Cognominado O Diplomata, em virtude das múltiplas viagens que efetuou a Madrid, Paris e Londres, retribuídas com as visitas a Lisboa dos reis Afonso XIII de Espanha, Eduardo VII do Reino Unido, do Kaiser Guilherme II da Alemanha e do presidente da República Francesa, Émile Loubet. Foi considerado pelos contemporâneos como um monarca bastante inteligente, não obstante o seu reinado se tenha caracterizado por constantes crises políticas e generalizada insatisfação popular. Logo no ano de 1890, o Reino Unido apresentou o Ultimato, mediante o qual Portugal era intimado a desocupar os territórios compreendidos entre Angola e Moçambique (Mapa Cor-de-Rosa), como forma de evitar um conflito entre os dois Estados. A nomeação do general João Franco como primeiro-ministro, sem a prévia realização de eleições, influiria determinantemente na disseminação e consolidação dos ideais republicanos.

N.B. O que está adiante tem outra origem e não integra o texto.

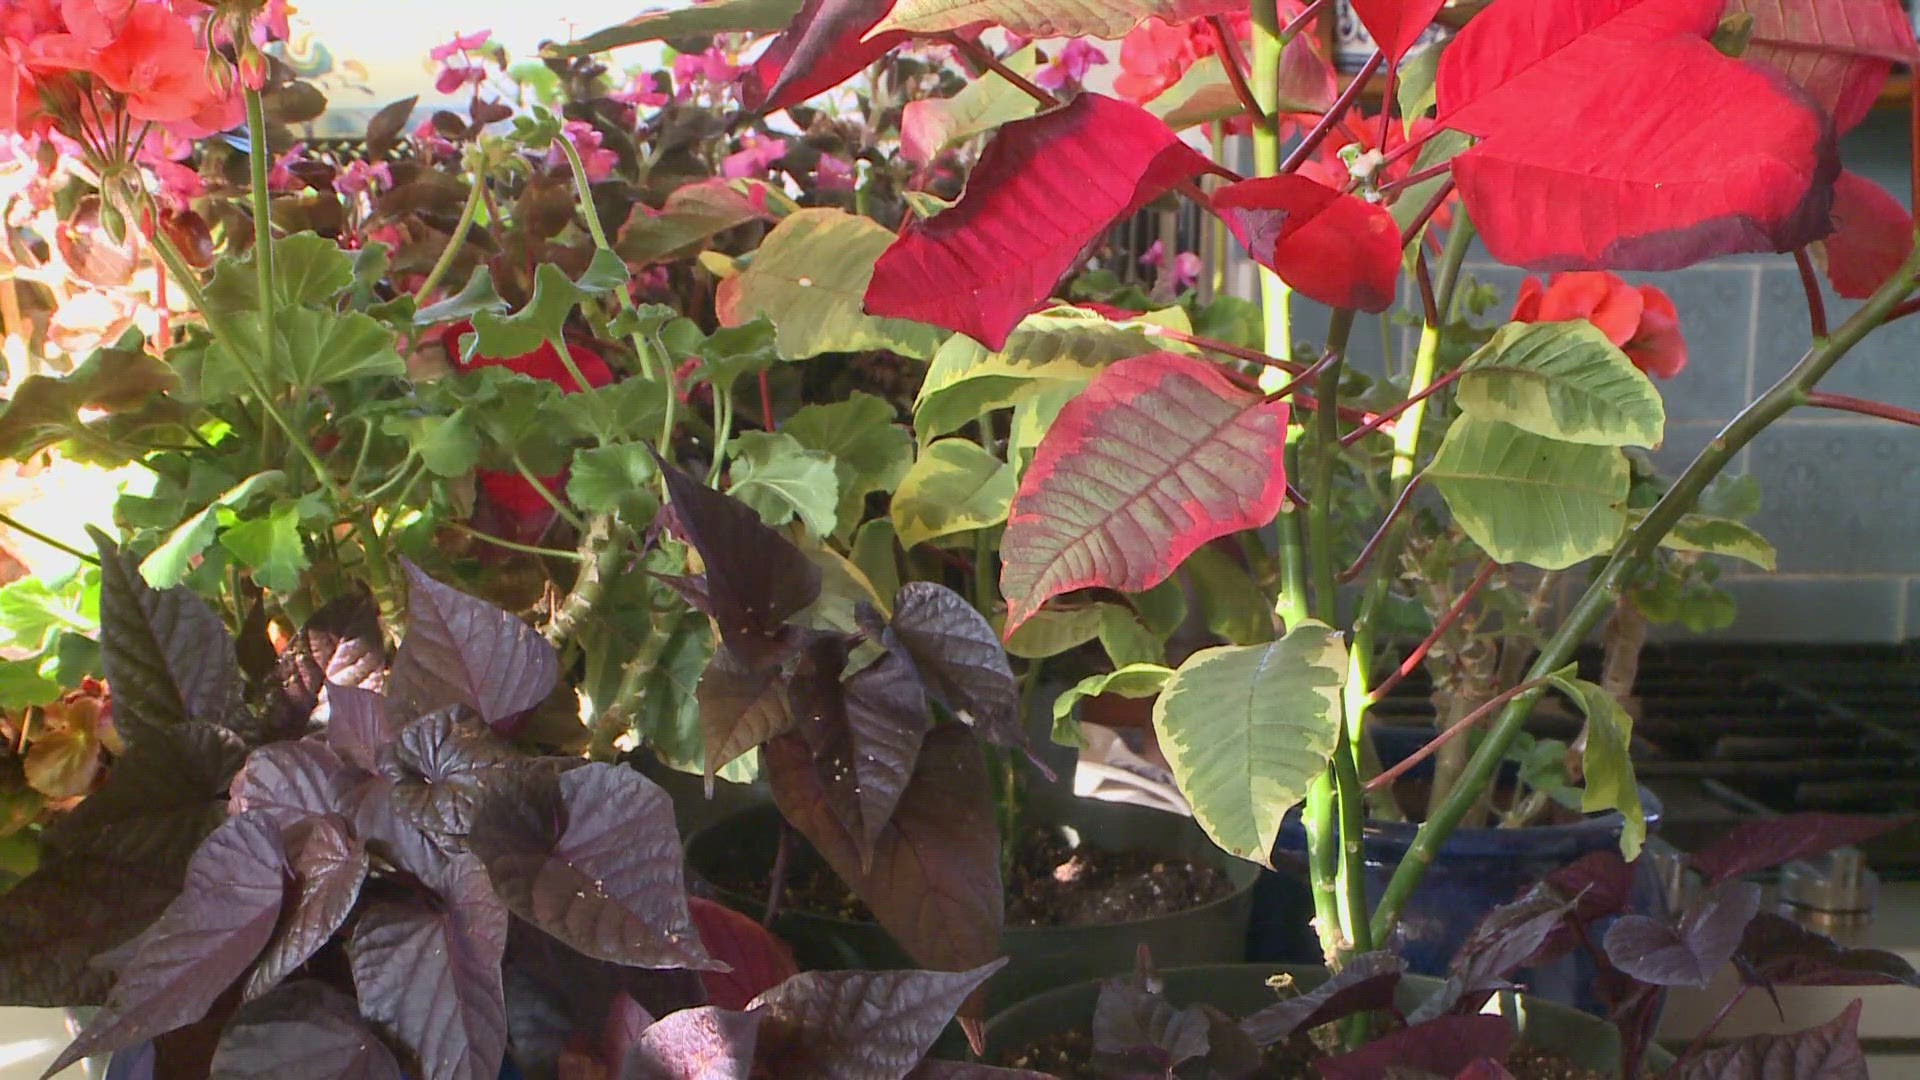 Your holiday poinsettias will make a great addition to your late spring garden.

Deslumbrado pelas novas tecnologias emergentes, Dom Carlos instalou luz elétrica no Palácio das Necessidades e traçou planos para a eletrificação das ruas de Lisboa, tendo sido um dos pioneiros da moderna oceanografia. Foi ainda um amante da fotografia e aguarelista talentoso, que assinava simplesmente Carlos ou Carlos Fernando. Quando em visita a Mafra, em veraneio ou com o propósito de assistir a exercícios militares, efemérides da Escola Prática de Infantaria e Cavalaria, ou presidir a alguma sessão de ginástica, tiro ou esgrima, aproveitaria todas as oportunidades para desfrutar do seu passatempo predileto: a caça, o qual partilhava com a esposa Dona Amélia. No seu tempo, informa Tomás de Mello Breyner, seria introduzido um método expedito para caçar os pombos bravos que nidificavam nos respiradouros das Necessárias do Convento de Mafra: o fumo de archotes, colocados ao nível dos esgotos, obrigava as aves a sair em bandos, bastando a Dom Carlos e demais caçadores, que se postavam nos terraços, ter boa pontaria. Da imprensa regional mafrense coeva, sobressai a ideia de que as visitas régias dinamizavam o comércio local, circunstância que, evidentemente, agradava aos comerciantes da vila que viam nelas boas perspetivas de negócio.

Dona AMÉLIA
(28.9.1865-25.10.1951)
Maria Amélia Luísa Helena de Orléans. Filha de Luís Filipe Alberto, Conde de Paris e Duque de Orléans e de sua esposa, Maria Isabel Francisca de Assis, Infanta de Espanha. Casou, a 22 de maio de 1886, com Dom Carlos I. Partiu para o exílio, da Ericeira, a 5 de outubro de 1910.